Because it’s such a mouthful to say “generic type parameter” every time, people often shorten it to just “generic type”, or simply “generic”. We’ll use the terms interchangeably throughout this book.

The funny looking angle brackets <> are how you declare generic types parameters (think of them like the type keyword, but for generic types); where you place the angle brackets scopes the generics (there are just a few places you can put them), and TSC makes sure that within their scope, all instances of the generic type parameter are eventually bound to the same concrete type. Because of where the angle brackets are in this example, TSC will bind concrete types to our generic T when we call filter. And it will decide which concrete type to bind to T depending on what we called filter with. You can declare as many comma-separated generic type parameters as you want between the angle brackets.

Note

T is just a type name, and we could have used any other name instead: A, Zebra, or l33t.
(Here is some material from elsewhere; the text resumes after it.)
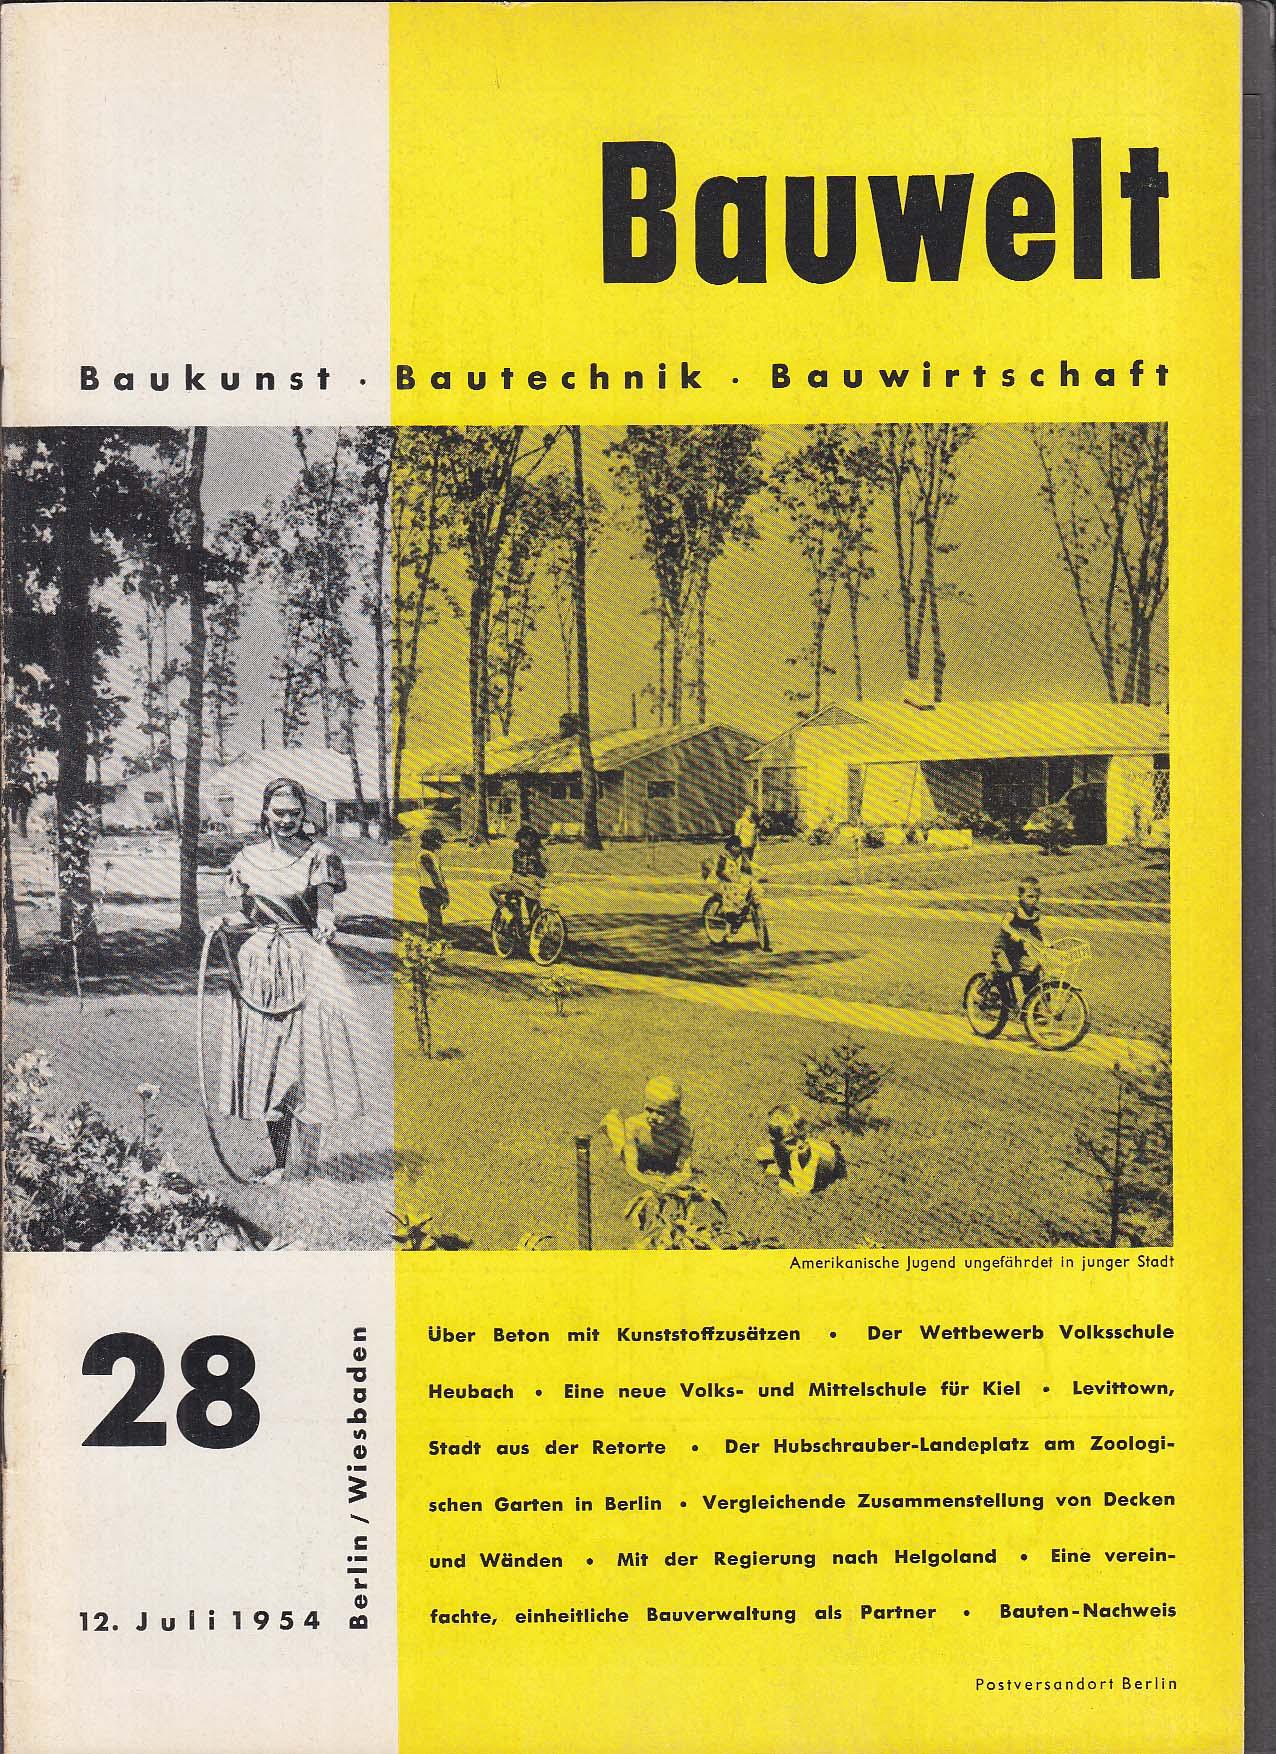 Bauwelt German architecture magazine 7/12/1954 28

By convention, people use uppercase single-letter names starting with the letter T, and continuing to U, V, W, and so on depending on how many generics they need.

If you’re declaring a lot of generics in a row or are using them in a complicated way, consider deviating from this convention and using more descriptive names like Value or WidgetType instead.

Some people prefer to start at A instead of T. Different programming language communities prefer one or the other, depending on their heritage: functional language users prefer A, B, C and so on because of their likeness to the Greek letters α, β, and γ; object oriented languages tend to use T for “Type”. TypeScript, though it supports both programming styles, uses the latter convention.

Like a local variable inside a function gets re-bound every time you call that function, so each call to filter gets its own binding for T:

// (a) T is bound to number
filter([1, 2, 3], _ => _ > 2)

// (b) T is bound to string
filter(['a', 'b'], _ => _ !== 'b')

// (c) T is bound to {firstName: string}
let names = [
  {firstName: 'beth'},
  {firstName: 'caitlyn'},
  {firstName: 'xin'}
]
filter(names, _ => _.firstName.startsWith('b'))

TSC infers these generic bindings from the types of the arguments you passed in. Let’s walk through how TSC binds T for (a) from the previous example:

From the type signature for filter, TSC knows that array is an array of elements of type T.
TSC notices that we passed in the array [1, 2, 3], so T must be number.
Wherever TSC sees T, it substitutes in the number type. So the parameter f: (item: T) => boolean becomes f: (item: number) => boolean, and the return type T[] becomes number[].
TSC checks that the types all satisfy assignability, and that the function we passed in as f is assignable to its freshly inferred signature.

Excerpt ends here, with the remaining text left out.